But, as remote and forbidding as it is, this is an ancient human landscape, settled and travelled across for millennia.
For well over a thousand years, camel caravans have traversed the dry sands carrying salt, gold and slaves.
Finally, after another eight hours of driving, we came to the Niger river again. We crossed by ferry and drove the last few miles to our destination.
"Welcome to Timbuktu. The city of 333 saints," read a battered sign along the road.
Soon a low mud gateway appeared in the fading light. It was a disappointing entrance to the fabled city.
A few yards on, goats browsed among piles of garbage. We passed through a few streets with houses of mud and cracked concrete.
There was little to see.

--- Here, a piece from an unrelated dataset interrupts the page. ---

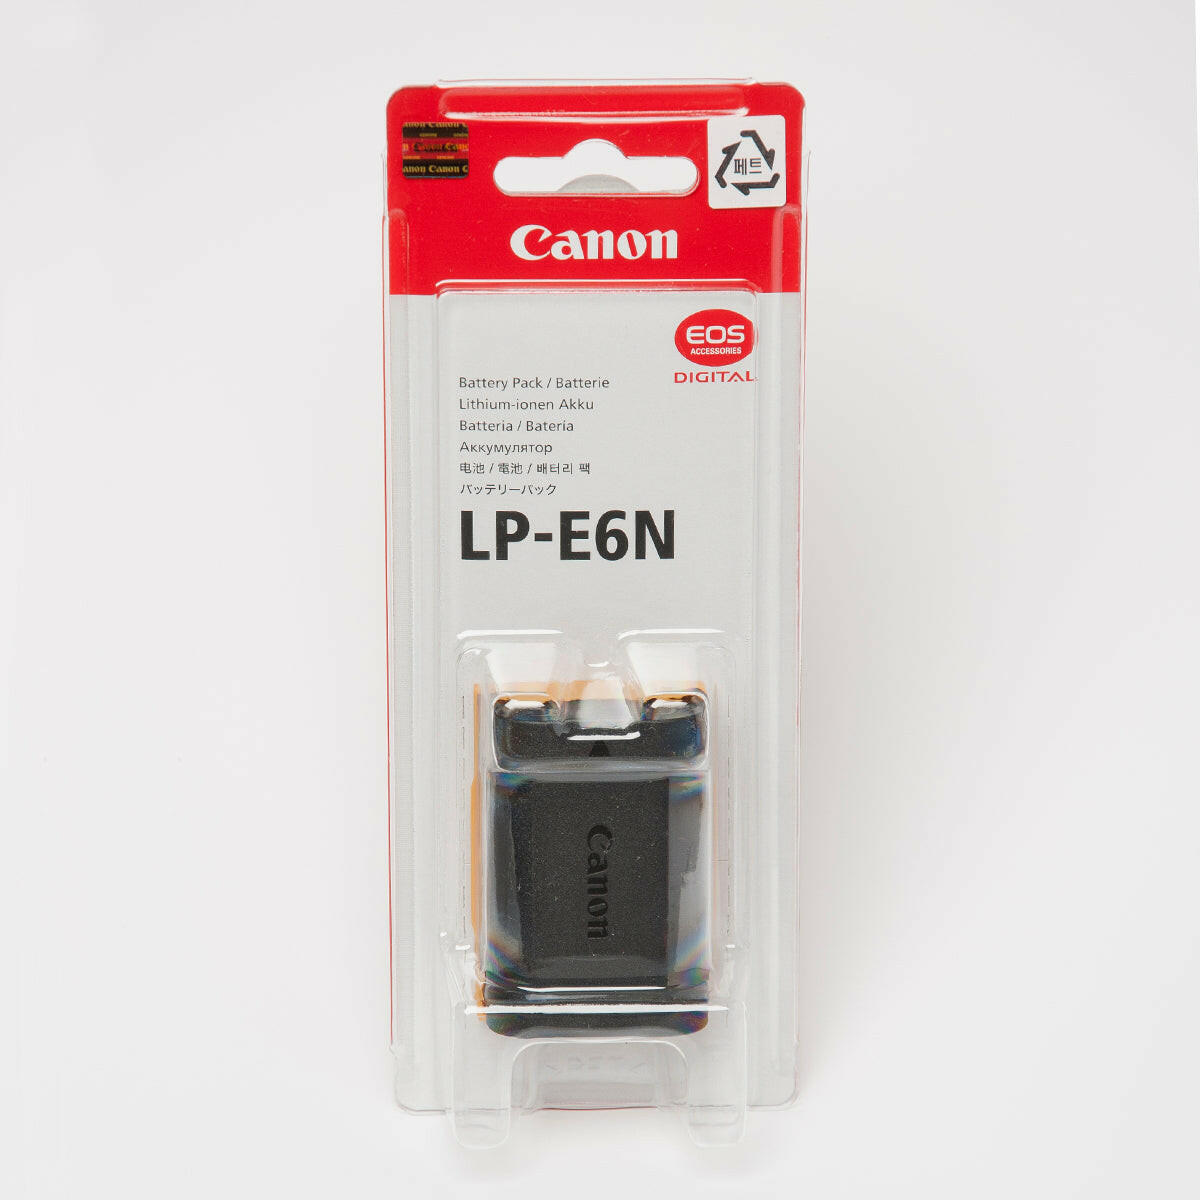 Accessories - Battery Pack LP-E4N - Canon South & Southeast Asia
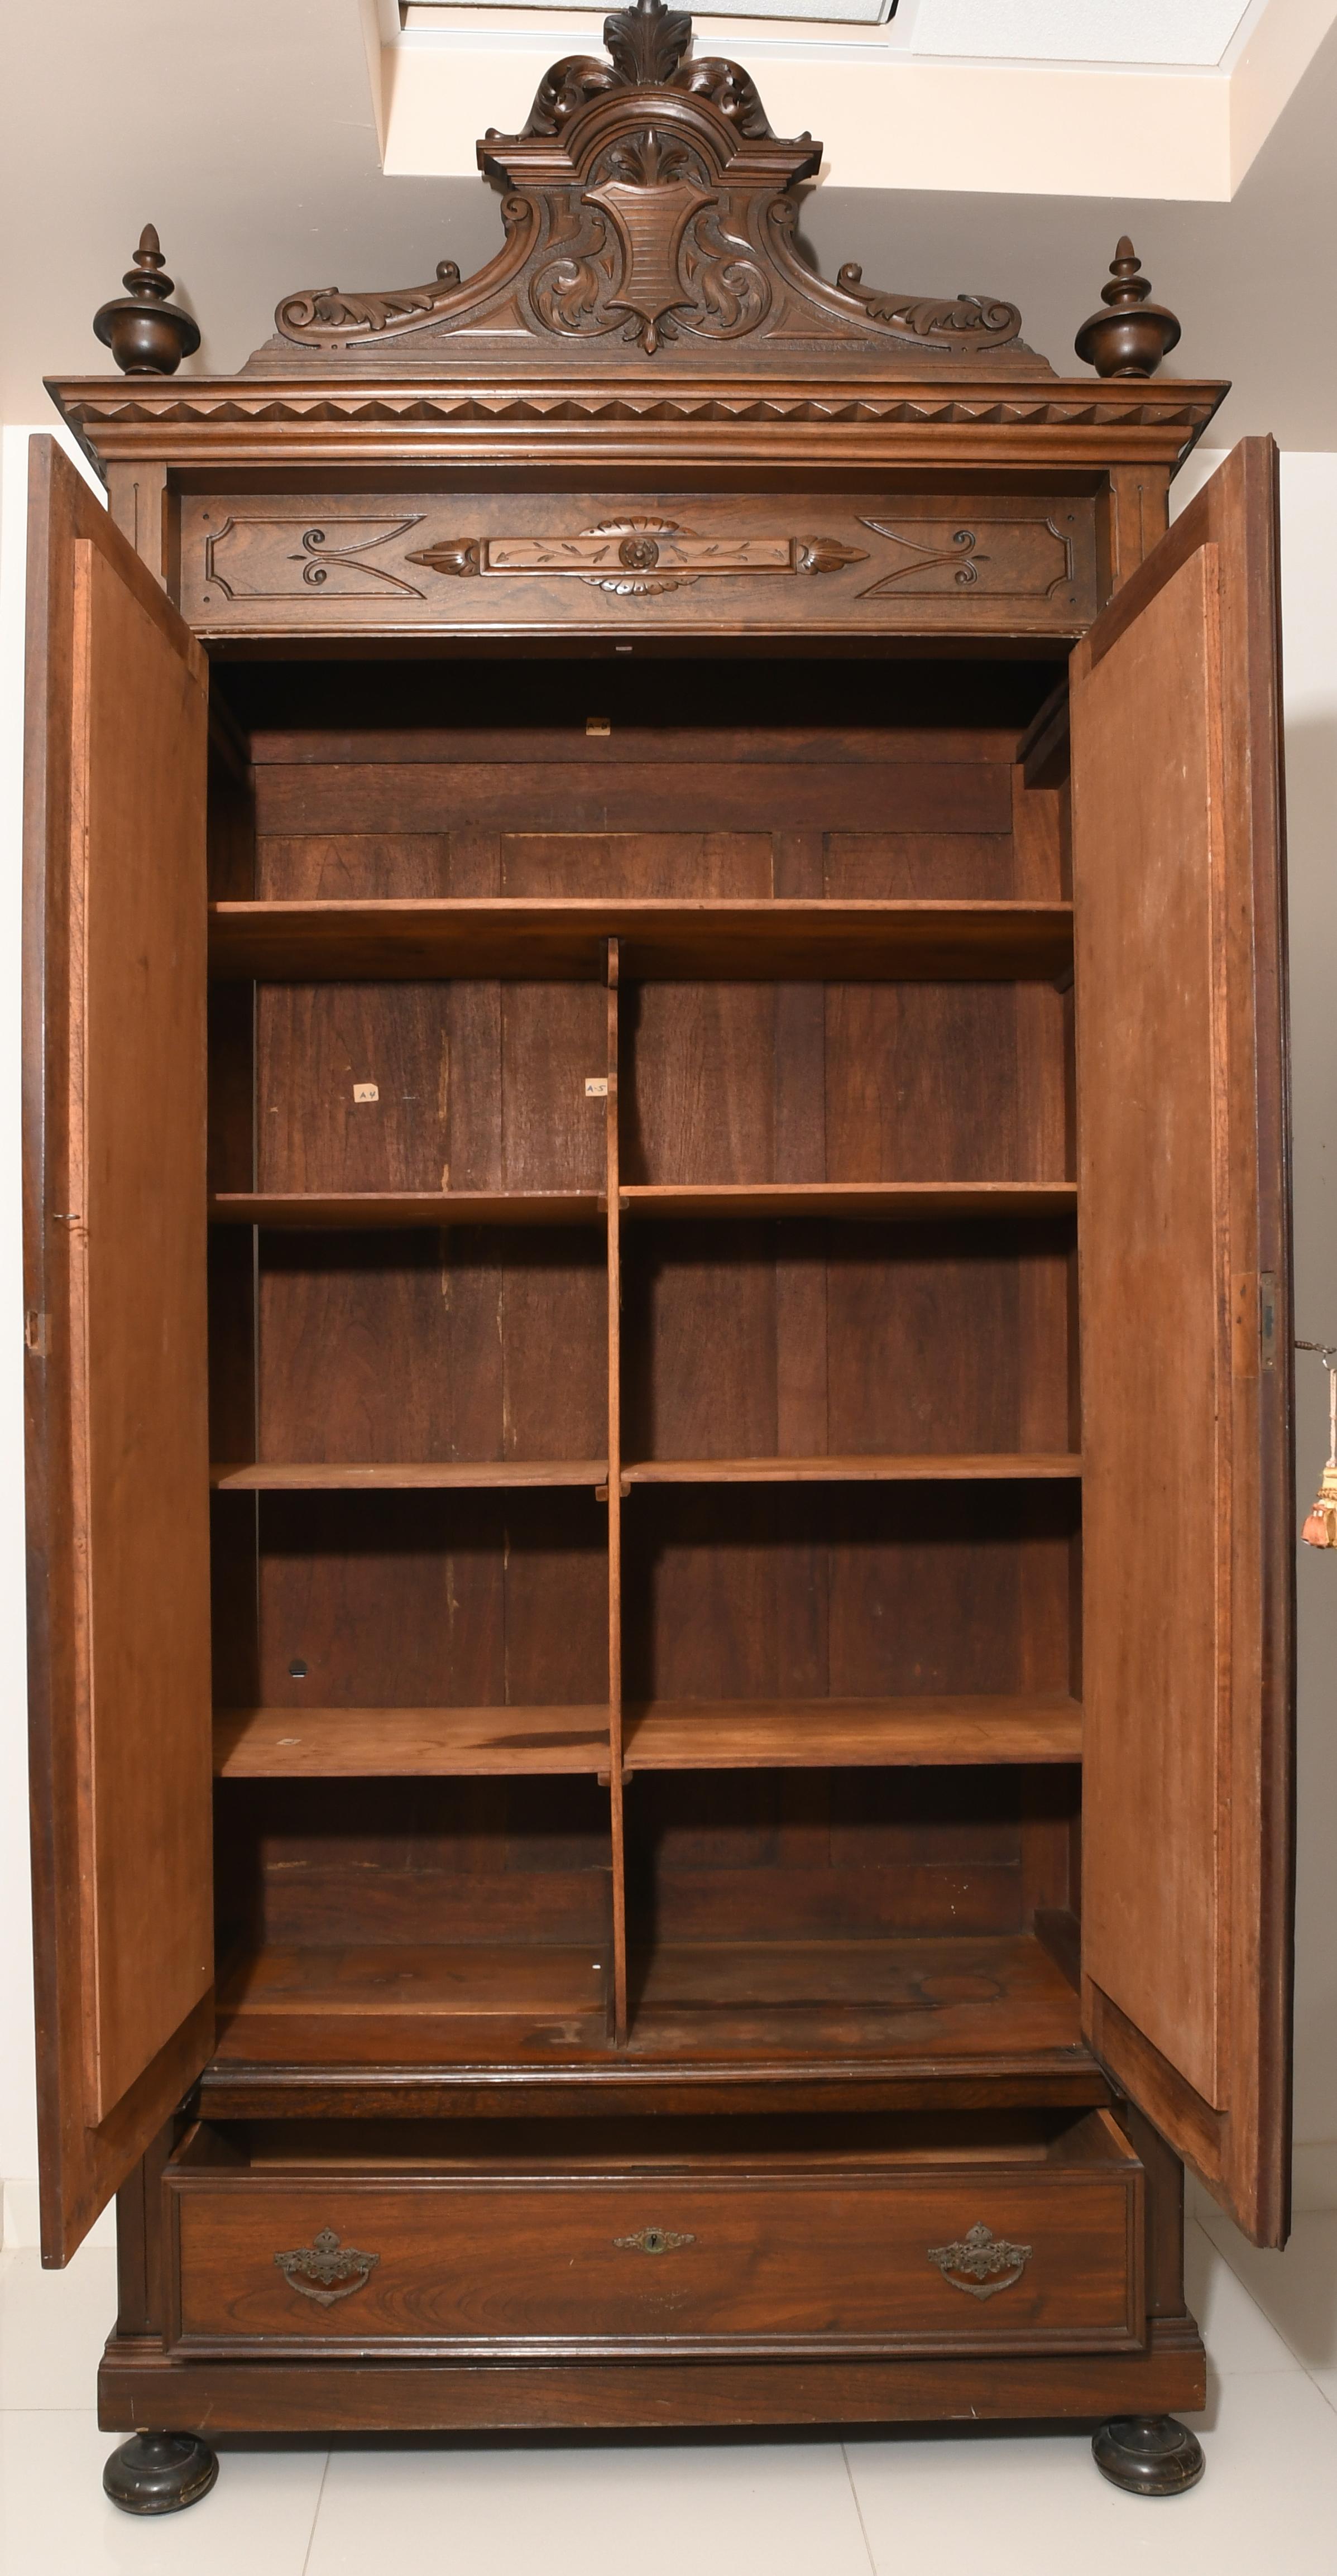 Dresser/Armoire from the Puerto Rican cabinetmaker Rafael Margarida who established his workshop in Old San Juan since 1892. The pediment has two inverted arcs that join to end in a crown. The center of the pediment is adorned with a carving

The marketplace was filthy and rundown, the people brusque or insisting that we buy their overpriced souvenirs. The heat was near unbearable.
There was, it seemed, not much left of the mystic grandeur of Timbuktu.
We were exhausted and disappointed. Moussa and Ibrahim brewed more tea on the steps of our hotel.
Centre of learning
The next morning we saw the ancient Djingareyber mosque.
As non-Muslims, we could not enter but inside is an ancient door which, legend says, if it is ever opened, it will signal the end of the world.
A few crowded sandy lanes away is the ancient mud-walled Sankore mosque, the site of Africa's first university.
Timbuktu was once a centre of great learning and there are an estimated 700,000 manuscripts dating back to the 9th Century in its libraries.
Many have been damaged by water, sand and termites, but all of them offer a gateway to a past that has been almost forgotten.
The thousands of leather-bound volumes are filled with beautiful calligraphy, ancient medical secrets and even maps of the stars.
As we walked the streets of the town, I began to see something different about it, that its glory may be gone but its wealth still exists.
What I had learned was that the road to Timbuktu is a journey not only into geography but also into the realm of memory and imagination.
The old saying "from here to Timbuktu" might not mean what it used to, but I am glad that I have been there.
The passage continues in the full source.